The house exhibits one of Schindler’s experimental uses of reinforced concrete, in which he tried out new methods of construction aimed at minimizing costs. In the Lovell Beach House, he designed five parallel concrete frames, poured upright, to support the structure. To save labor and material costs, the formwork used for the first frame was re-used for each of the other four. Wood joists run perpendicular to the frames. The very light, two-inch thick walls are constructed of metal lath covered in plaster and are hung from the concrete frames, with the edge of the living room balcony hung by steel rods attached to the frame above; windows are also hung from the concrete frame.

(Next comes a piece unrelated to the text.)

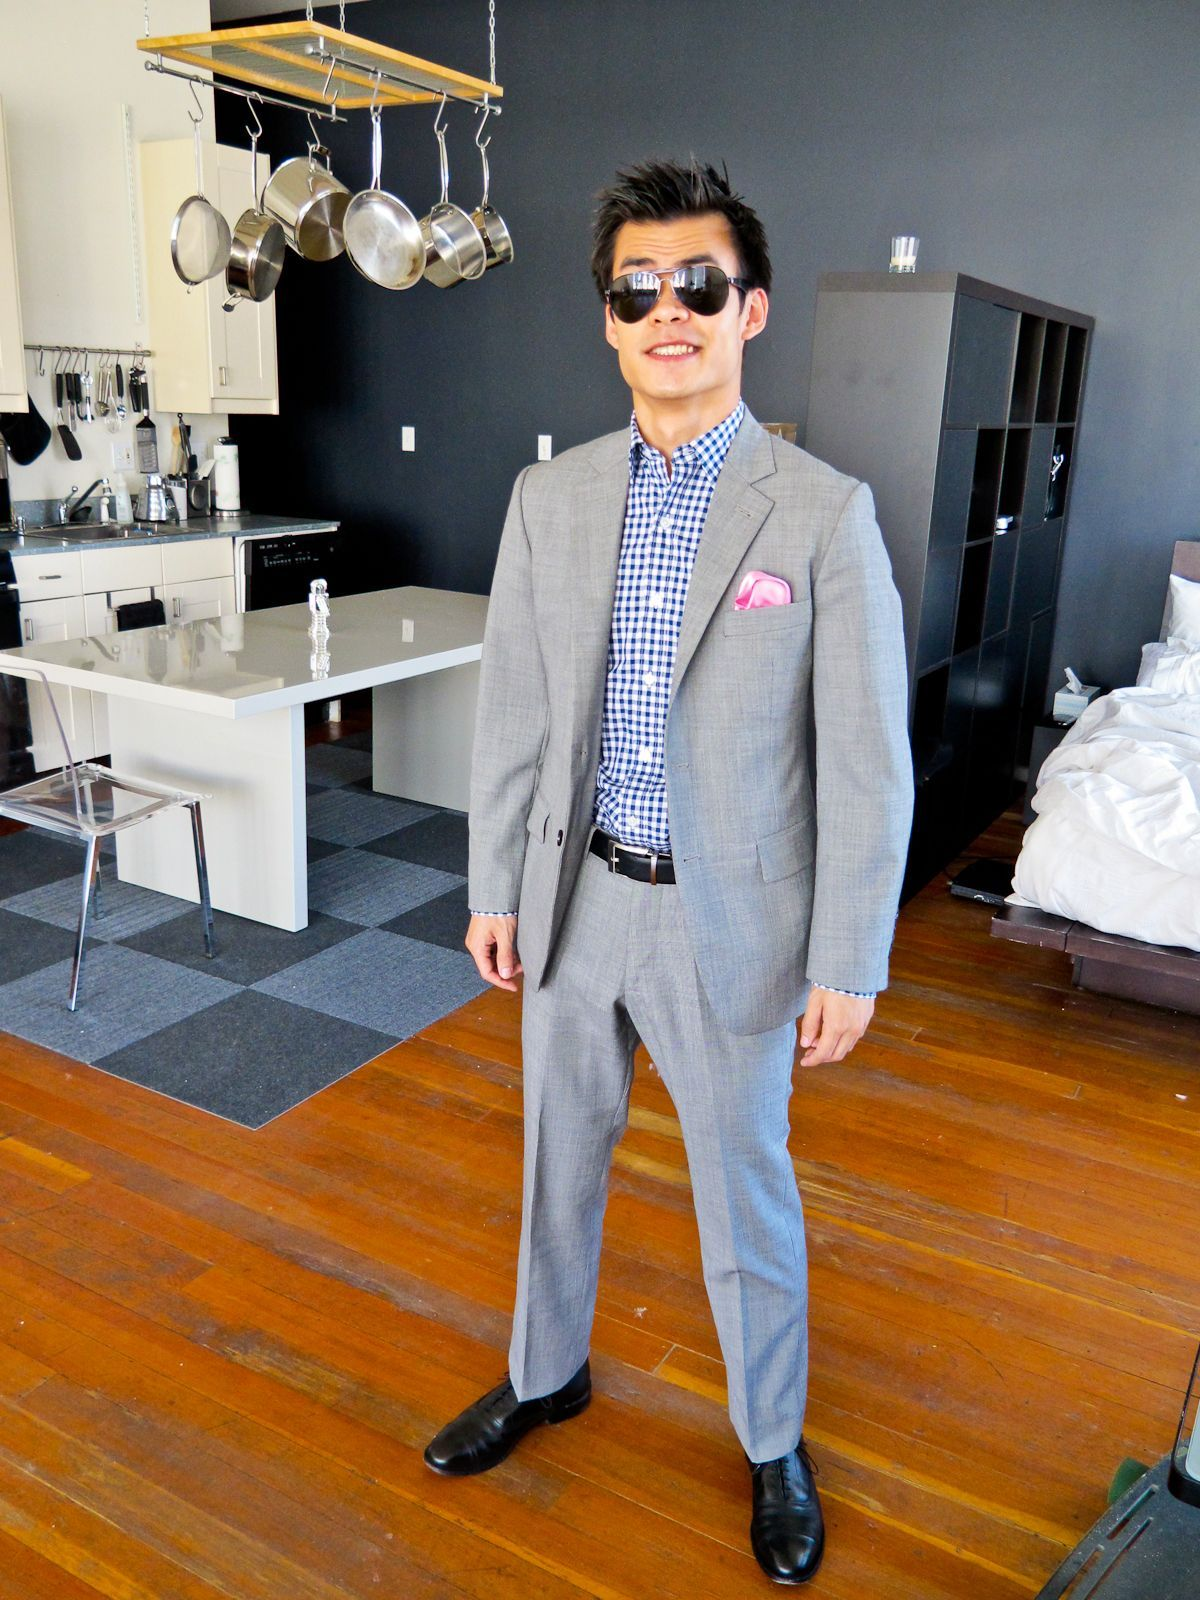 Veroz Reddit Tweed Suit With Linen Shirt Tweed Suits Fashion Linen Shirt

Schindler wrote that the frames were inspired by the pile structures seen at beaches. However, rather than simple, neutral columns, Schindler’s frames are designed to coincide with the spatial scheme for the house. The concrete frames form the double-height living space and have a smaller bay that is divided horizontally to support the floor of the sleeping spaces. The complex shape is echoed in the design of the windows, which are also not neutral rectangles of glass; bays of larger, taller windows are surrounded by smaller bays of shorter windows. While this house contains many of the features associated with what became known as the International Style, including spaces raised on exposed concrete supports, curtain wall windows, and a flat roof with a terrace, it also reveals how different Schindler’s ideas about architecture were from those of, for example, Le Corbusier and Neutra. In Schindler’s approach to what he called his “space” architecture, structure was subservient to space; in the Lovell Beach House the concrete frames do not stand in contrast to the spaces they enclose, but instead adjust their shape to support them. While still a student in Vienna, Schindler wrote a manifesto in which he stated that due to advances in materials like reinforced concrete and steel, which could support any shapes imaginable, the architect was now freed to design using “space, climate, light, and mood.” The Lovell Beach House displays its spatial scheme in its exposed structure, which allows for maximum light to fill the house and takes advantage of ocean views.
Schindler designed several projects for the Lovell family, but the commission for their town house, the Lovell Health House in Los Angeles, eventually went to Neutra. The Beach House remains a private residence owned by the Lovell family.